In the listing below, find the line holding "Used 2018 Lincoln" and the line holding "The little squirrel". Write out those two lines and all lines between, exactly, and nothing more.

[SOURCE RECORDS]:
################

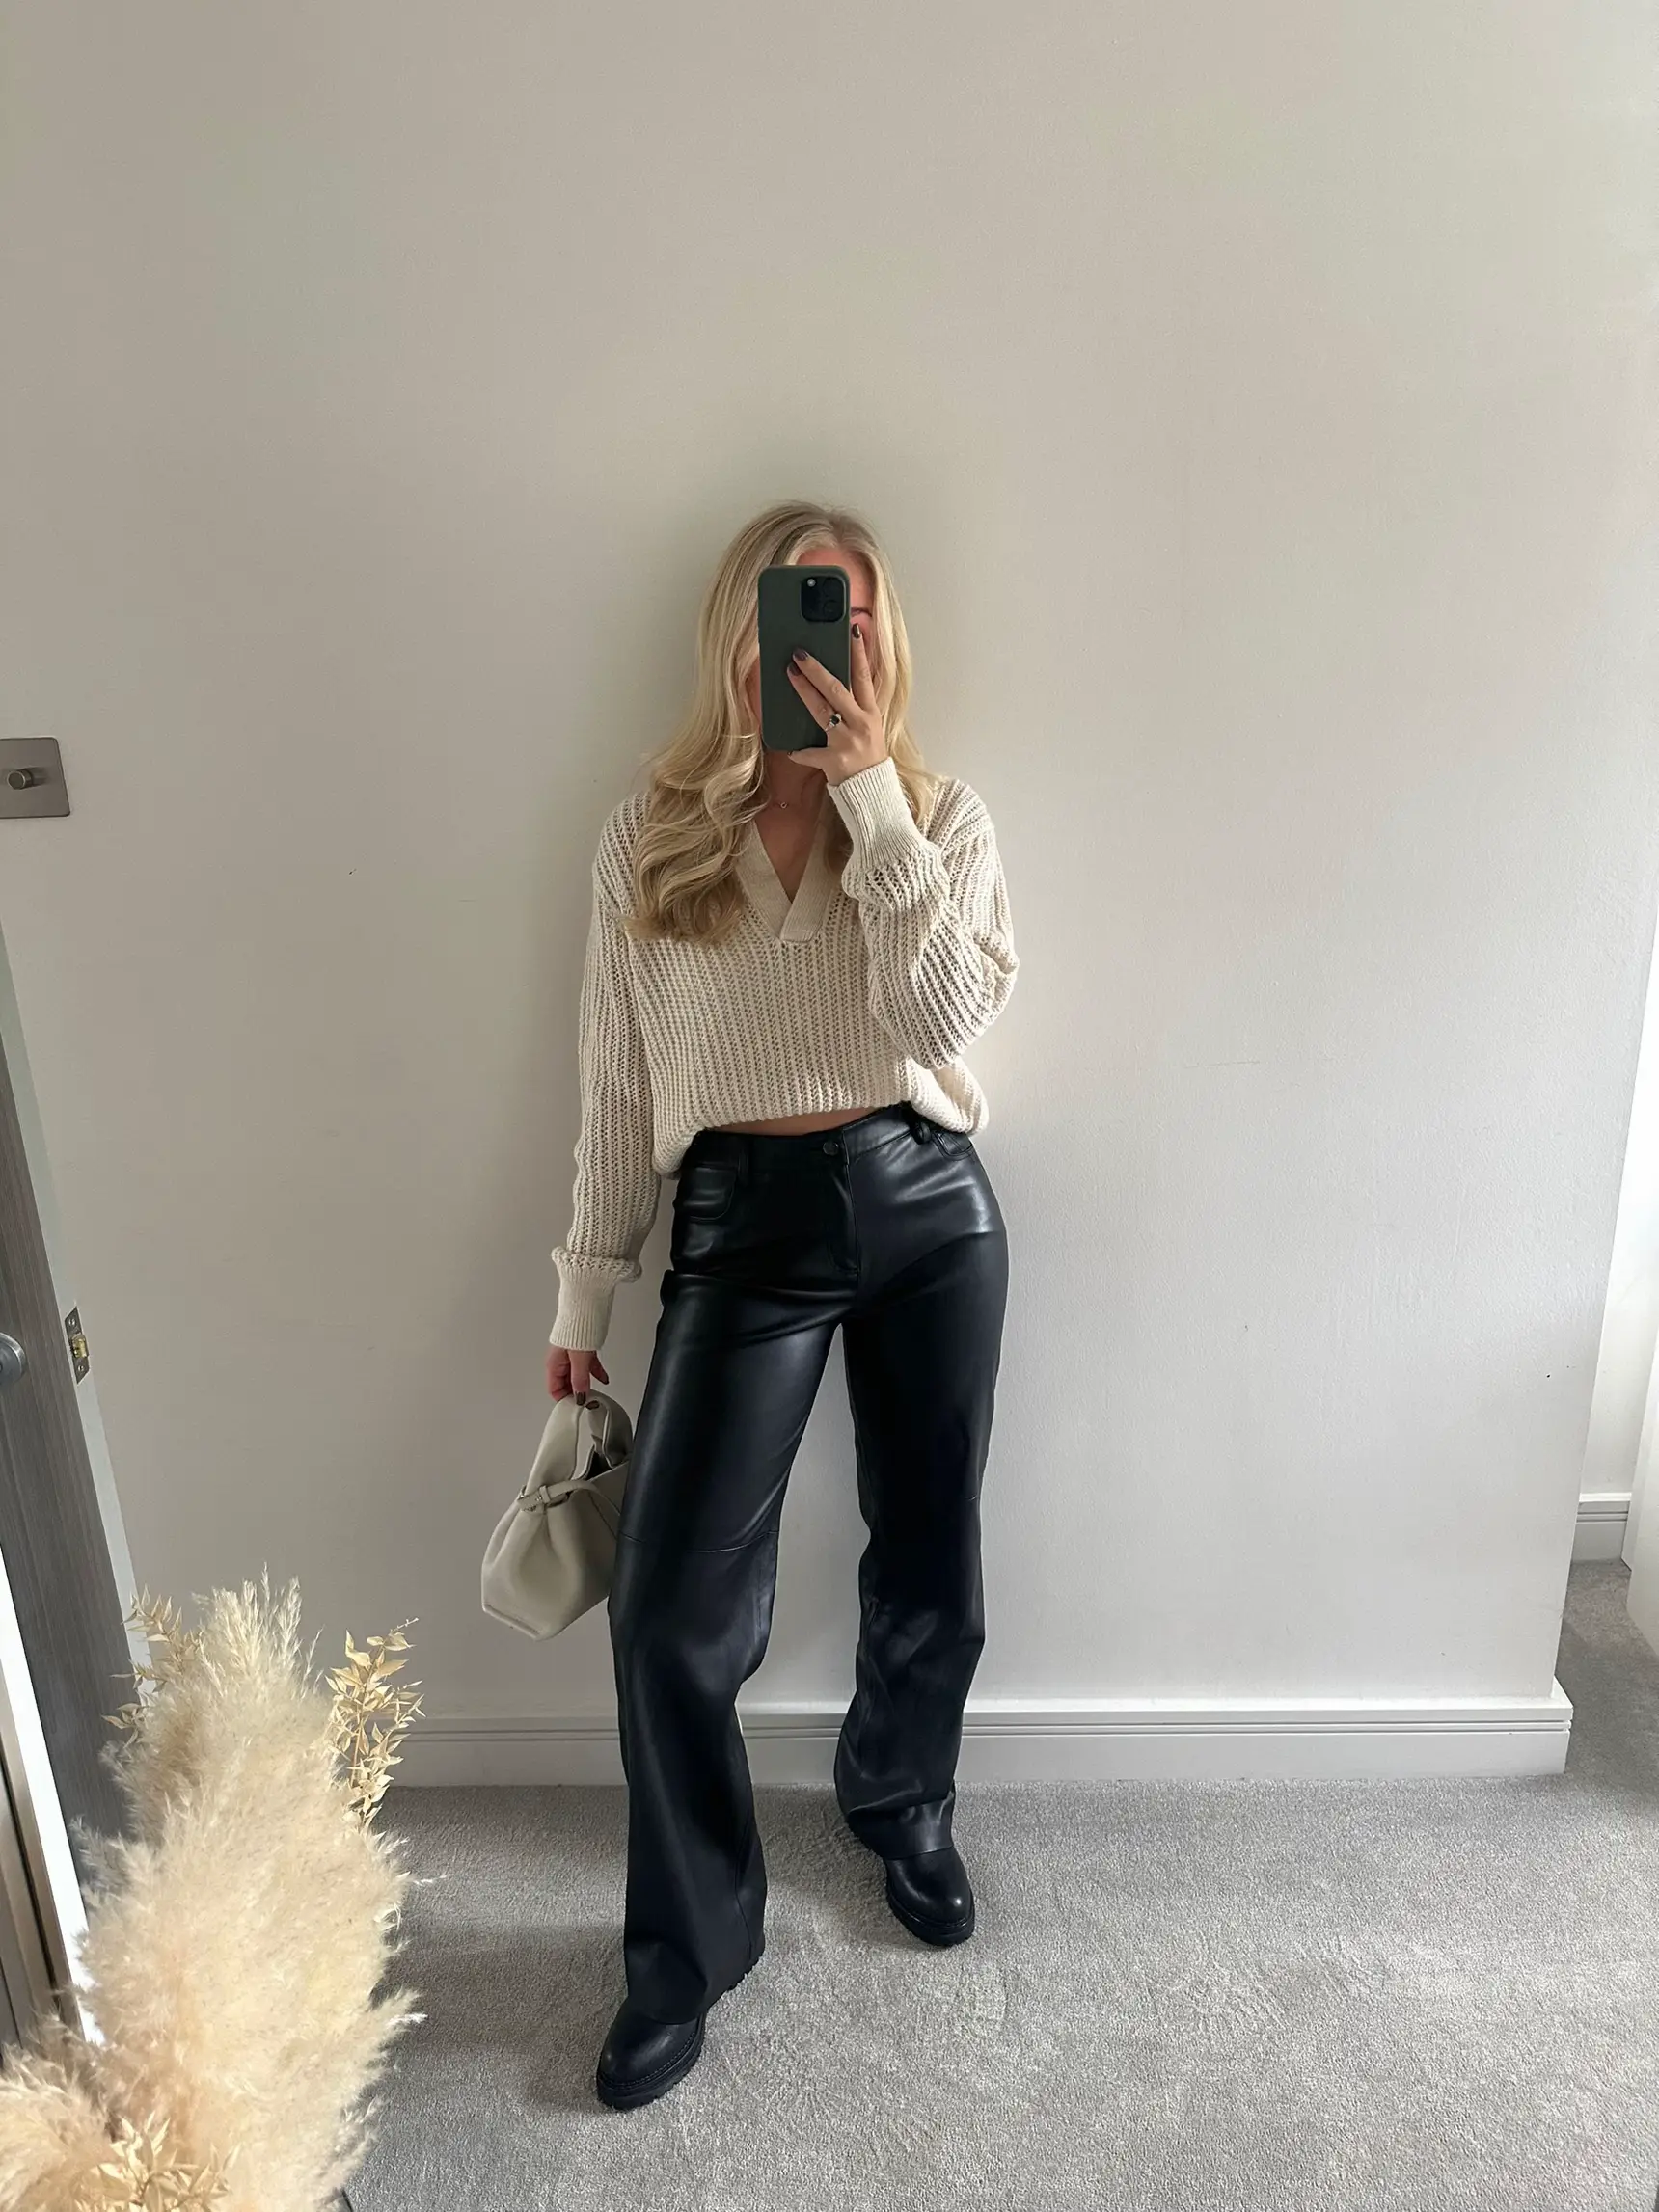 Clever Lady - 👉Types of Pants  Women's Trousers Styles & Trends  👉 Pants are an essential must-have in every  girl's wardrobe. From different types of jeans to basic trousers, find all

################

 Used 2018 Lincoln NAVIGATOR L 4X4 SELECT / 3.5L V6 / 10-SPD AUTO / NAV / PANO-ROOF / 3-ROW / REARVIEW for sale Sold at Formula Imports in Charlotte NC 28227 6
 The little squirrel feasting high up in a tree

################

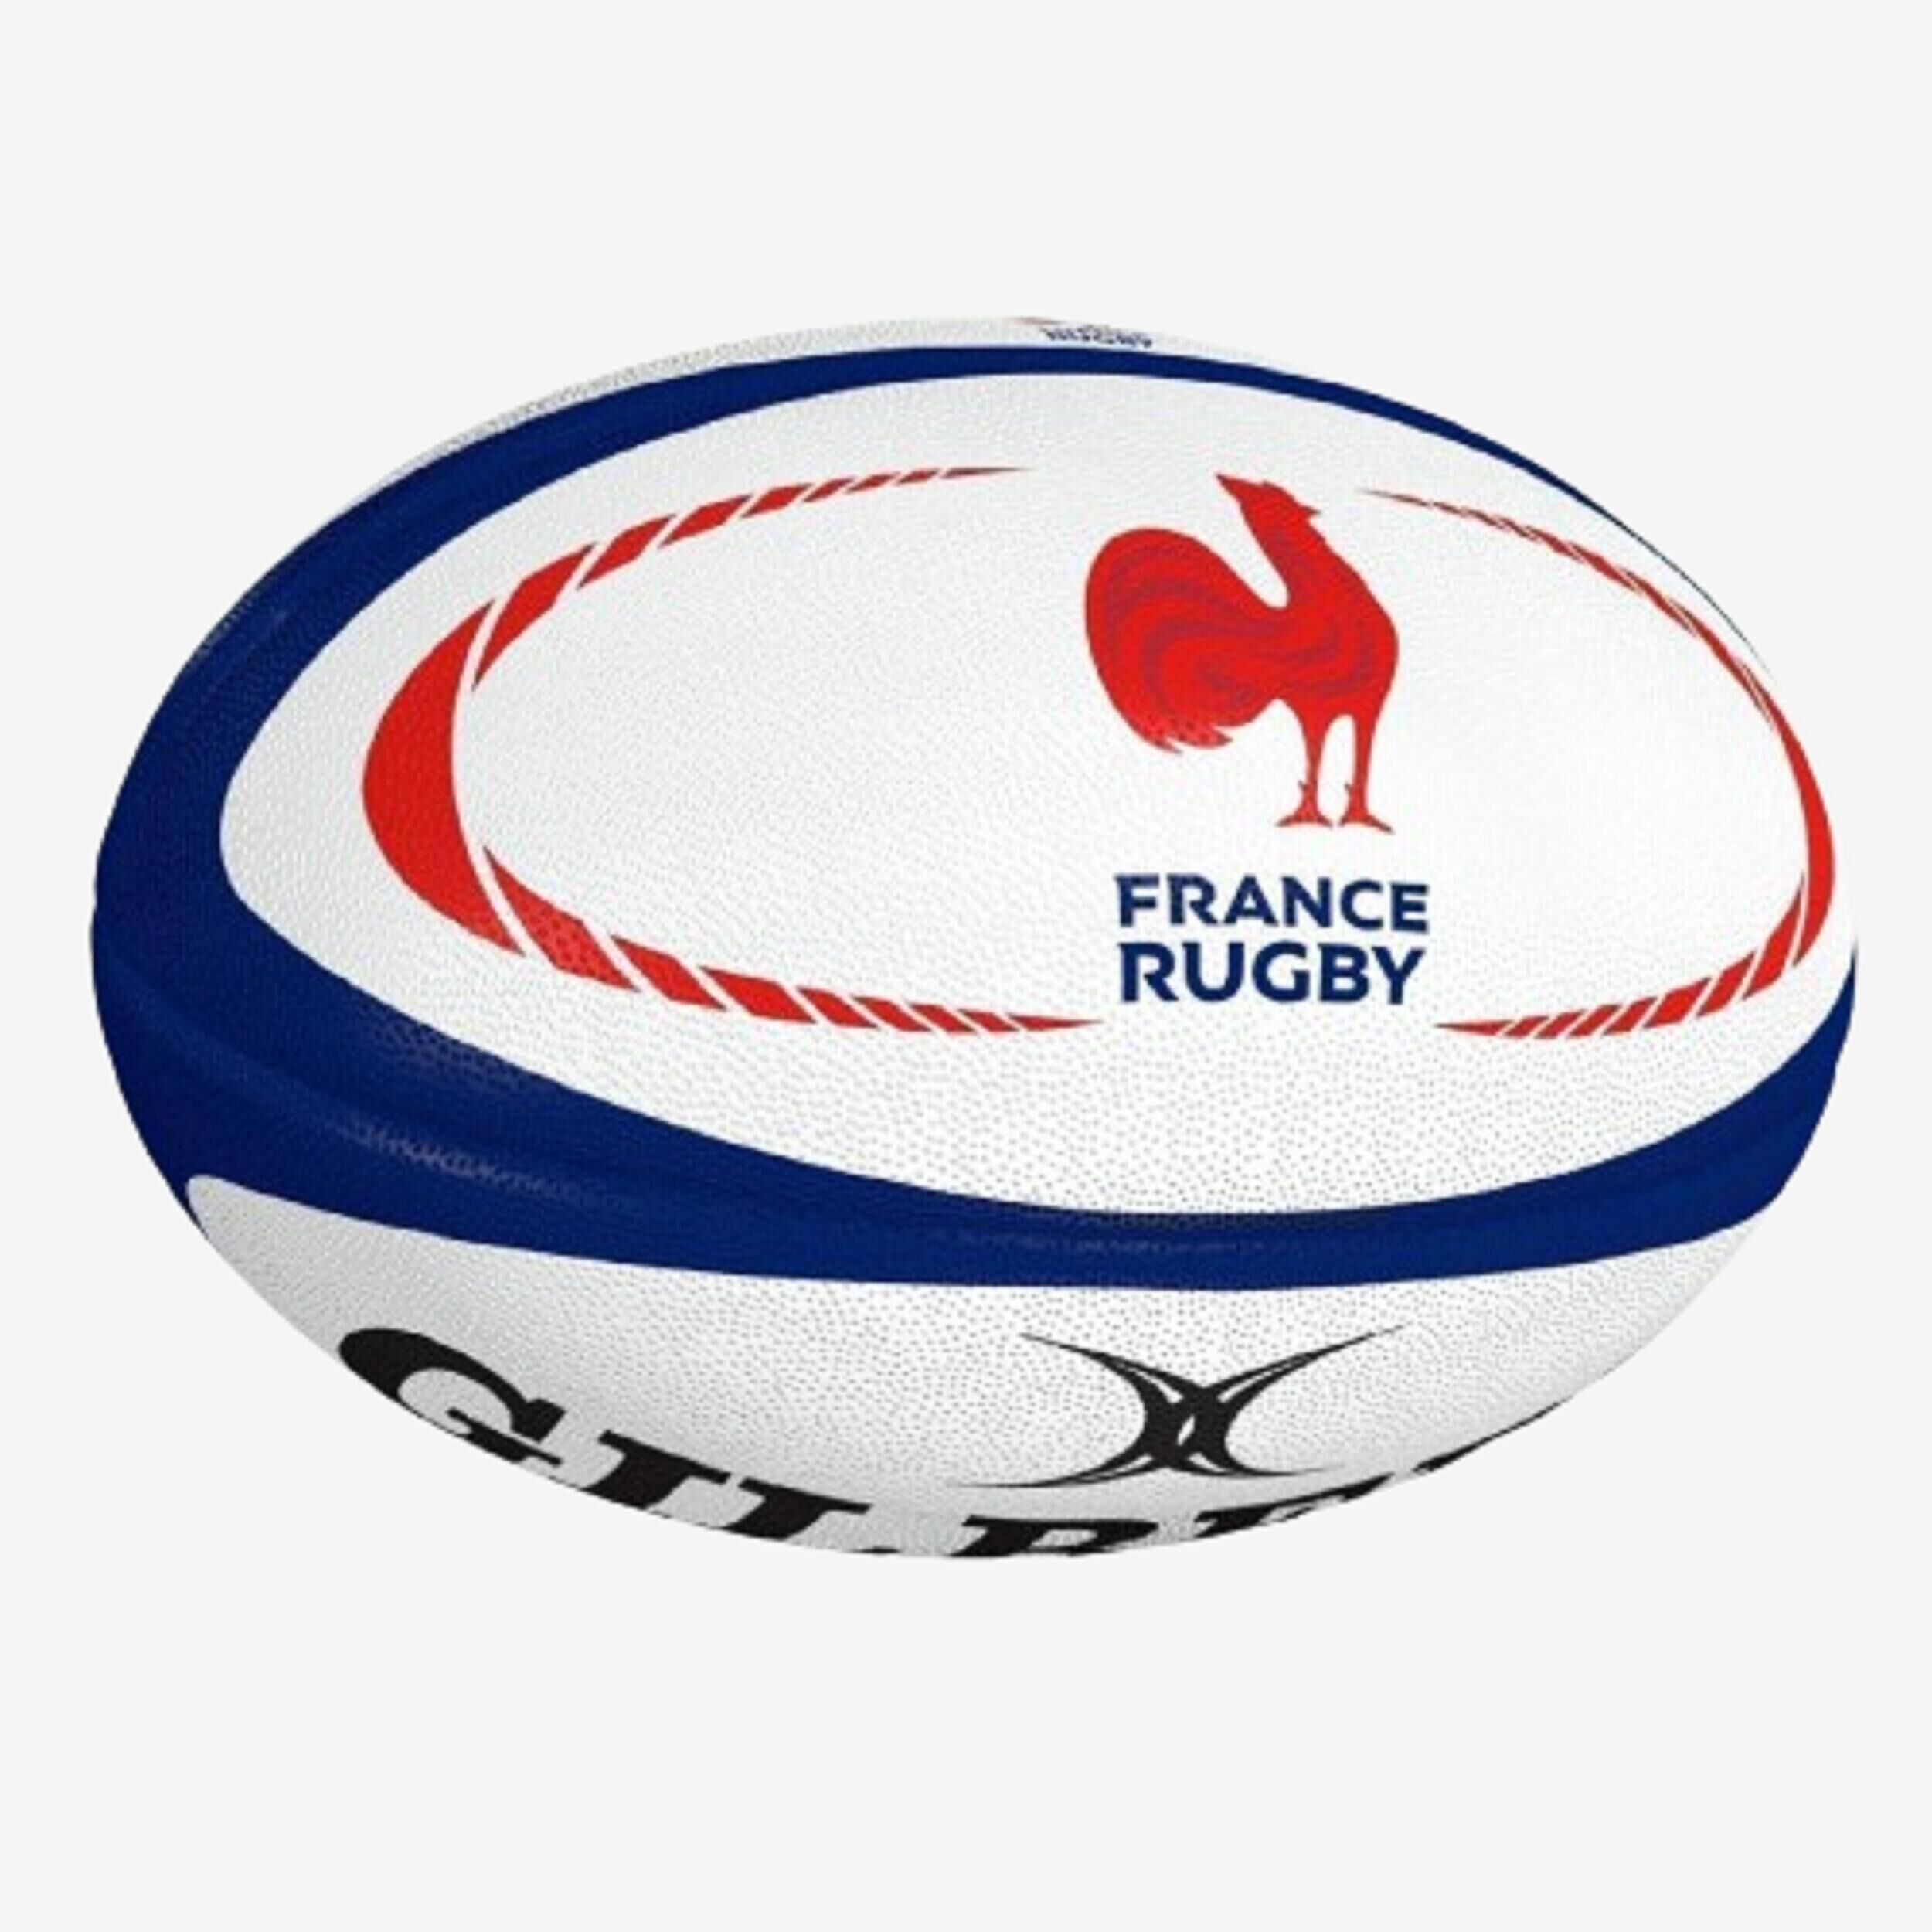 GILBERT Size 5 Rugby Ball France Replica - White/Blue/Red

################

[YOUR SOLUTION]:
 Used 2018 Lincoln NAVIGATOR L 4X4 SELECT / 3.5L V6 / 10-SPD AUTO / NAV / PANO-ROOF / 3-ROW / REARVIEW for sale Sold at Formula Imports in Charlotte NC 28227 6
 The little squirrel feasting high up in a tree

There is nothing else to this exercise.